_REQUIRED ACTION_
The lines to be extracted begin at the line containing "Picture of Deniz" and end at the last line of the data below; copy them exactly and leave out the pictures.

_DATASET EXTRACT_
◆ ◆ ◆ ◆ ◆
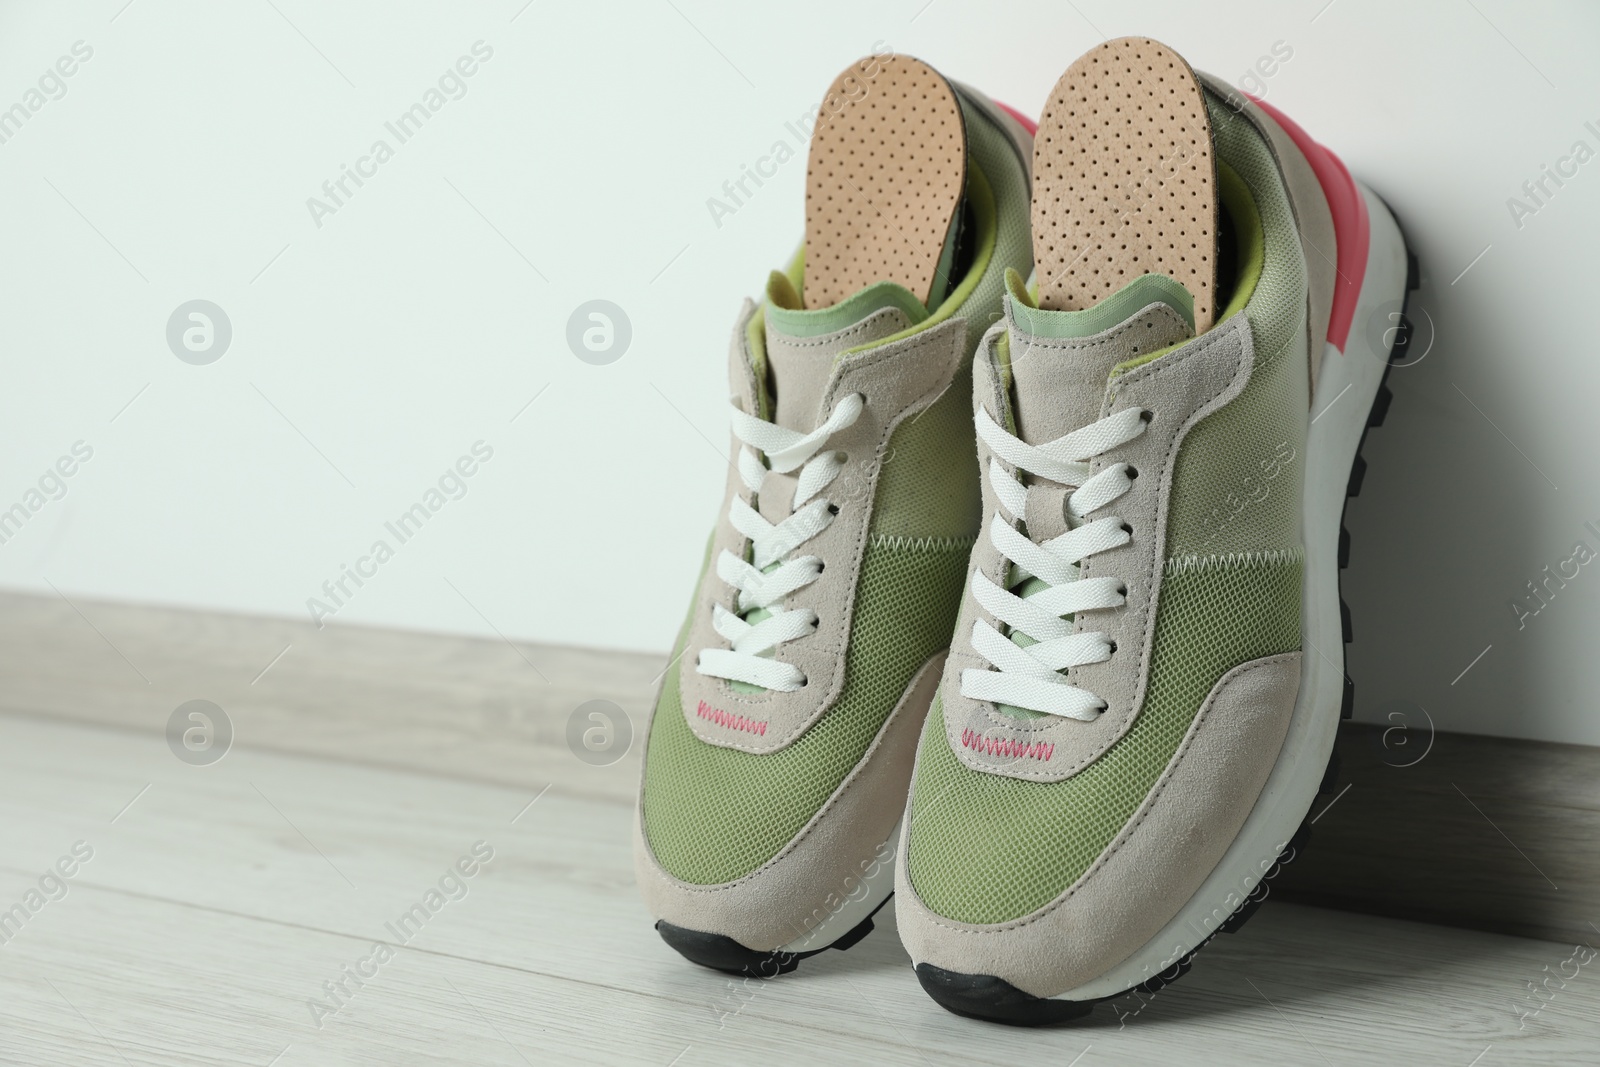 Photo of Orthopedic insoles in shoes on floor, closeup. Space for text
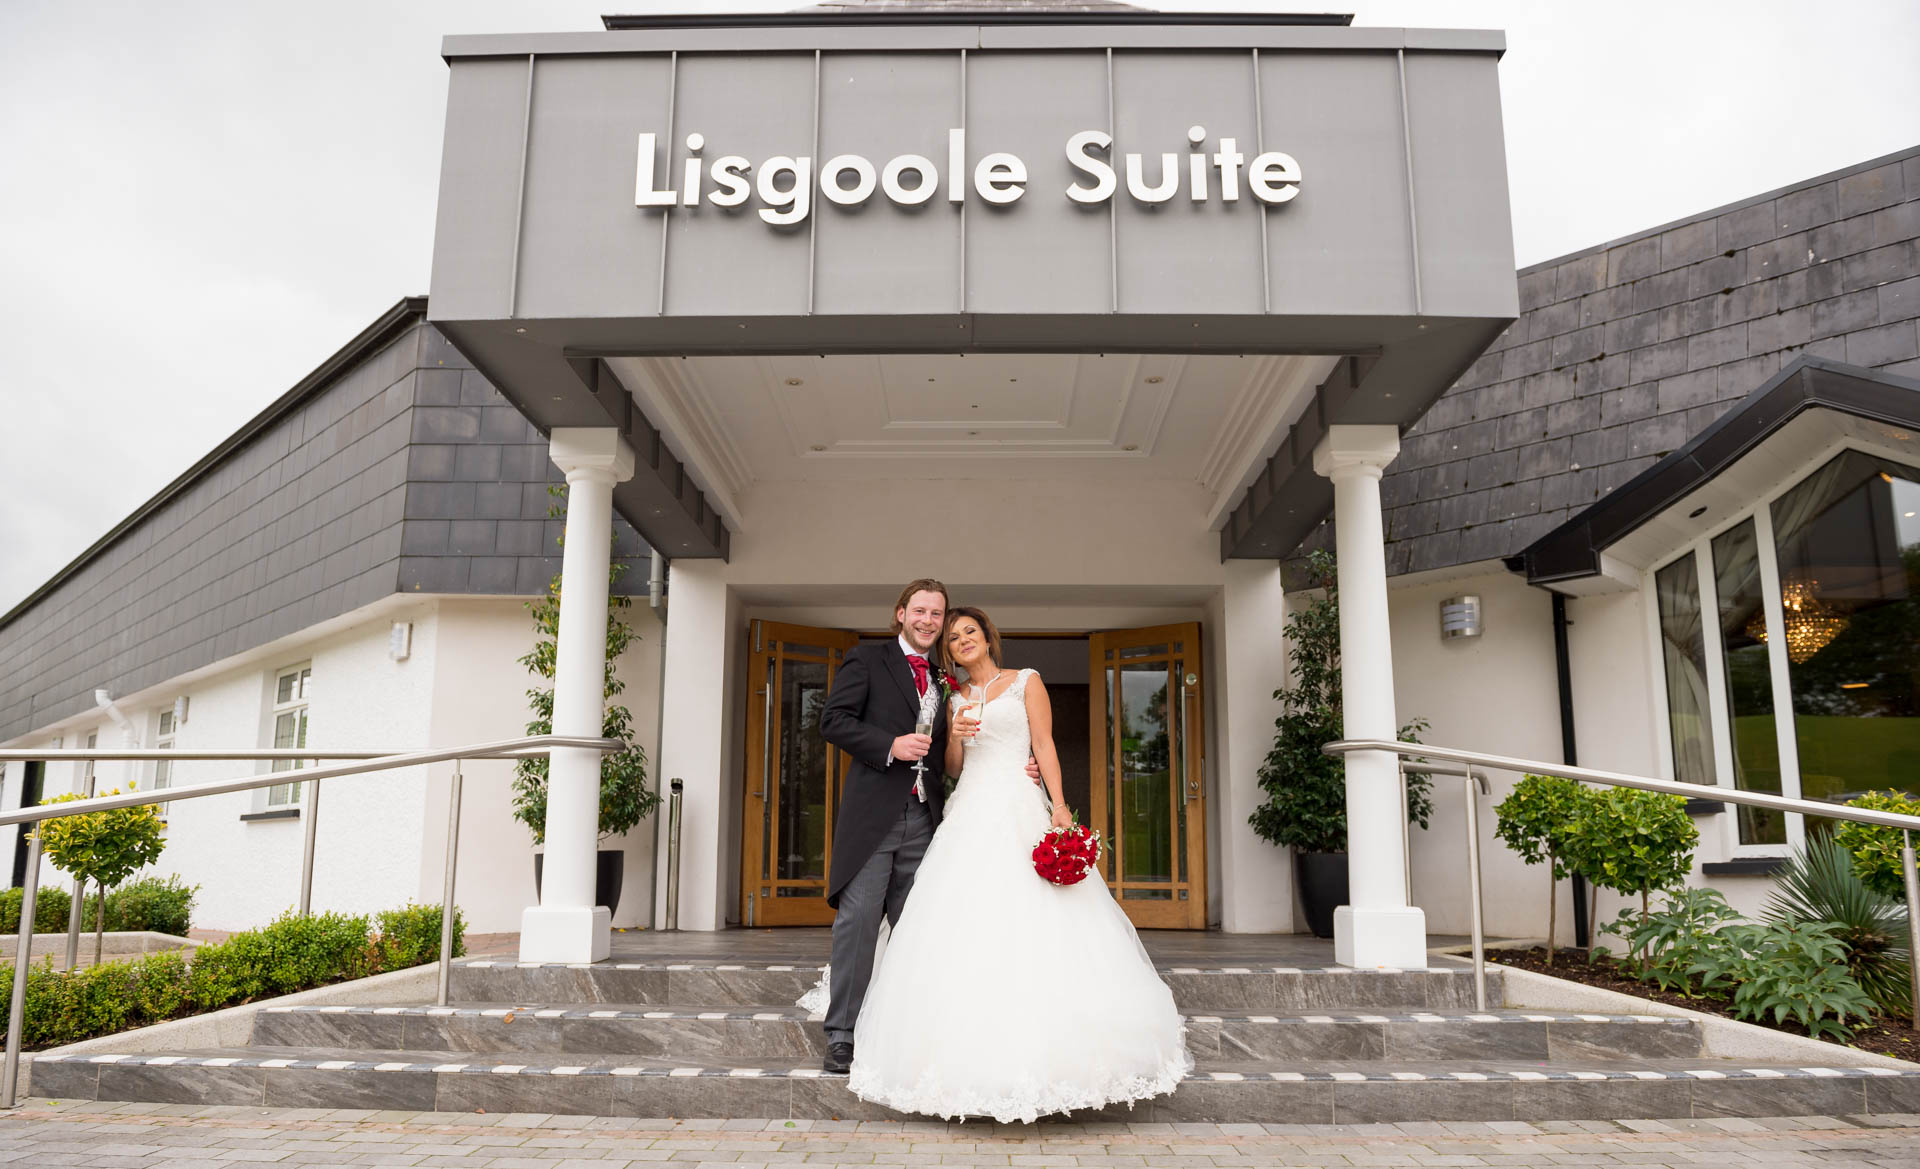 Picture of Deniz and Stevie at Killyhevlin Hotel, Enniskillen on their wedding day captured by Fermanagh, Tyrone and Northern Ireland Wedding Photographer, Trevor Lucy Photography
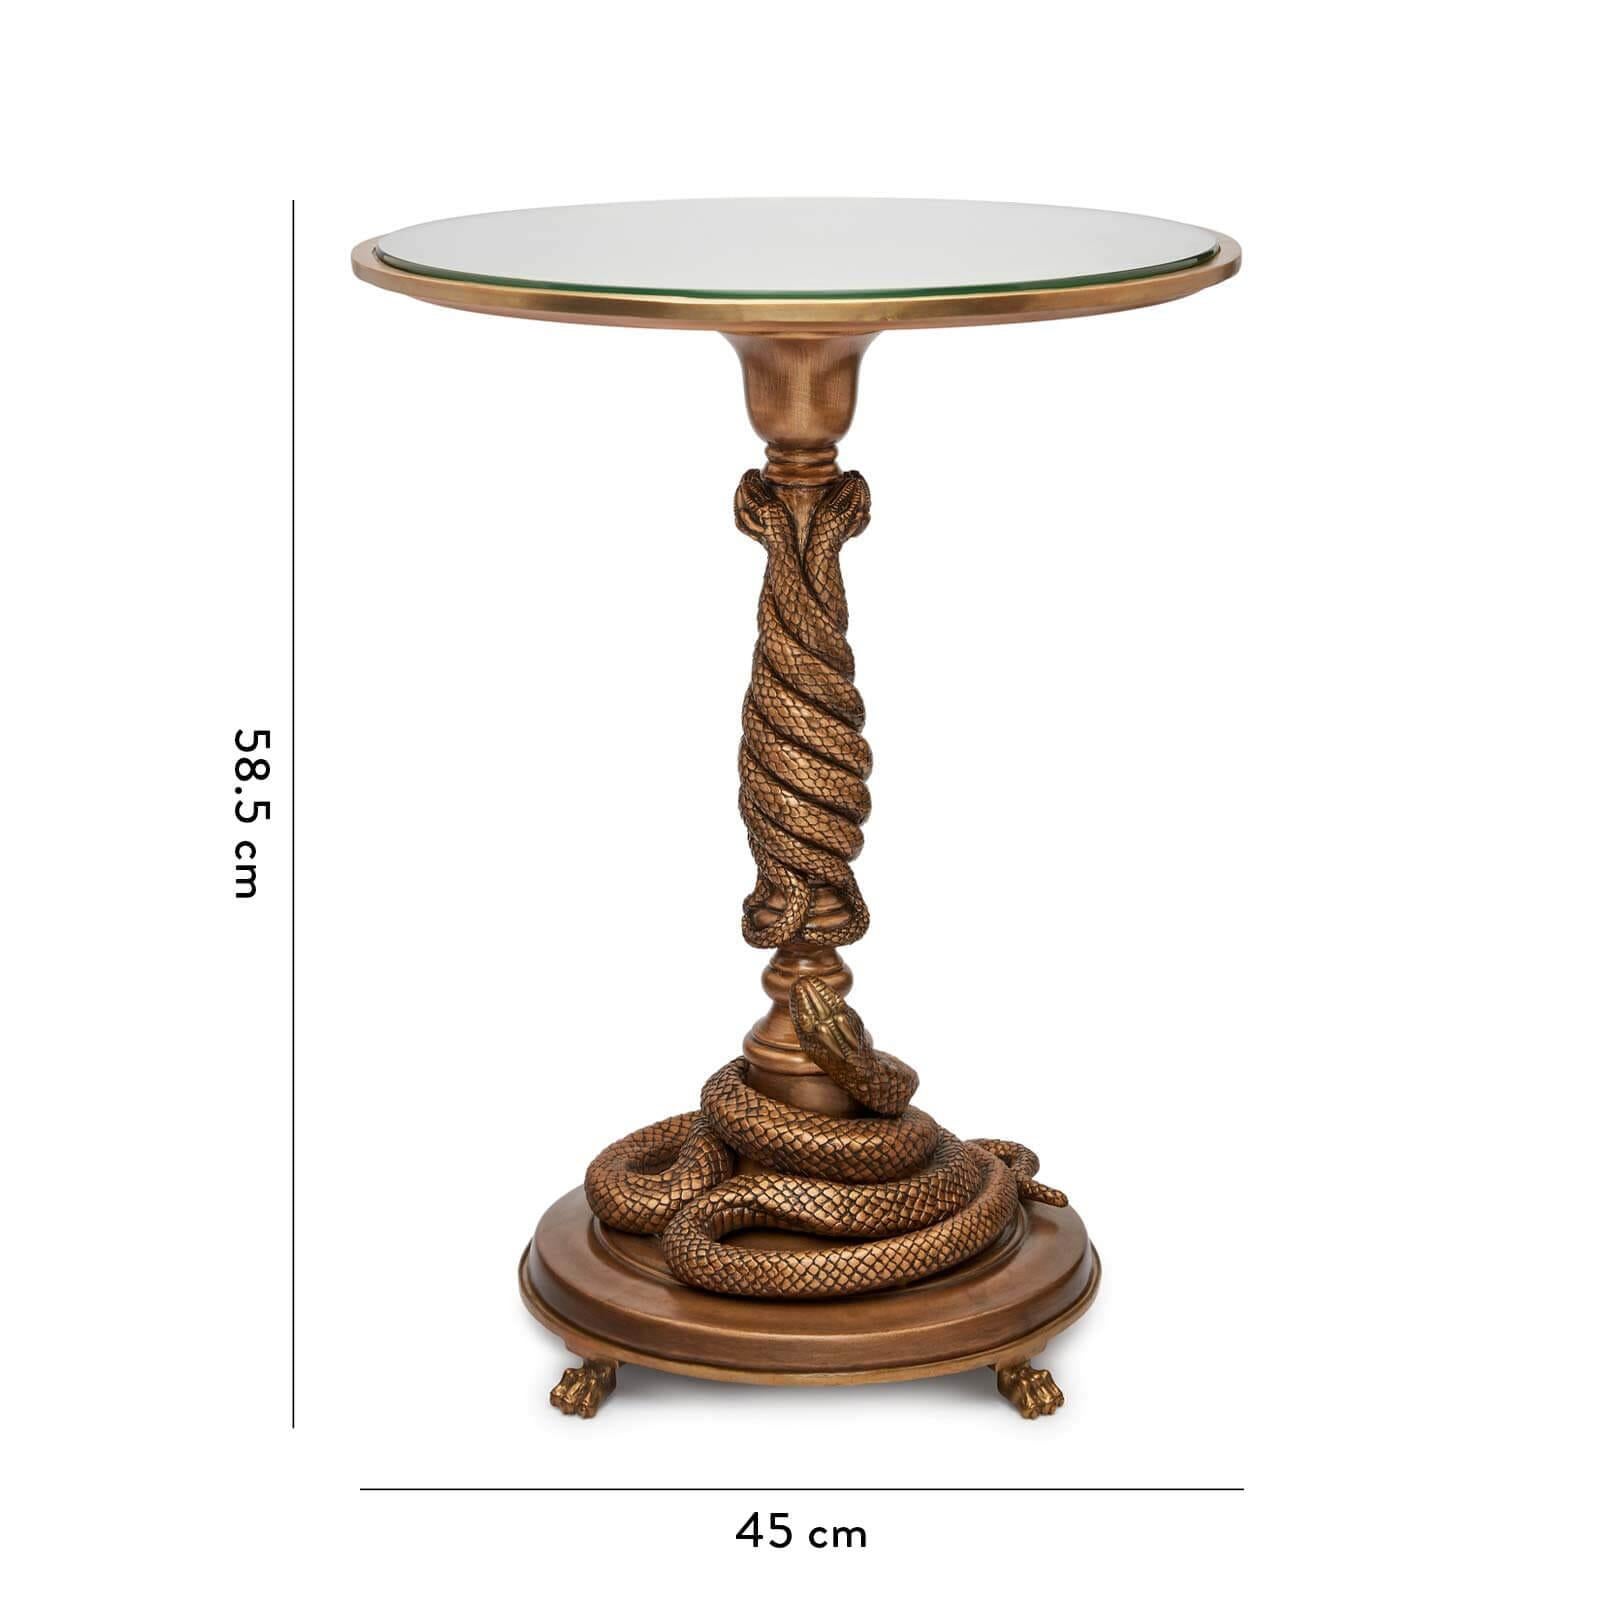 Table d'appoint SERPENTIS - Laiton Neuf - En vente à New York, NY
◆ ◆ ◆ ◆ ◆
_SOLUTION TO THE PROBLEM_
 Picture of Deniz and Stevie at Killyhevlin Hotel, Enniskillen on their wedding day captured by Fermanagh, Tyrone and Northern Ireland Wedding Photographer, Trevor Lucy Photography
 Table d'appoint SERPENTIS - Laiton Neuf - En vente à New York, NY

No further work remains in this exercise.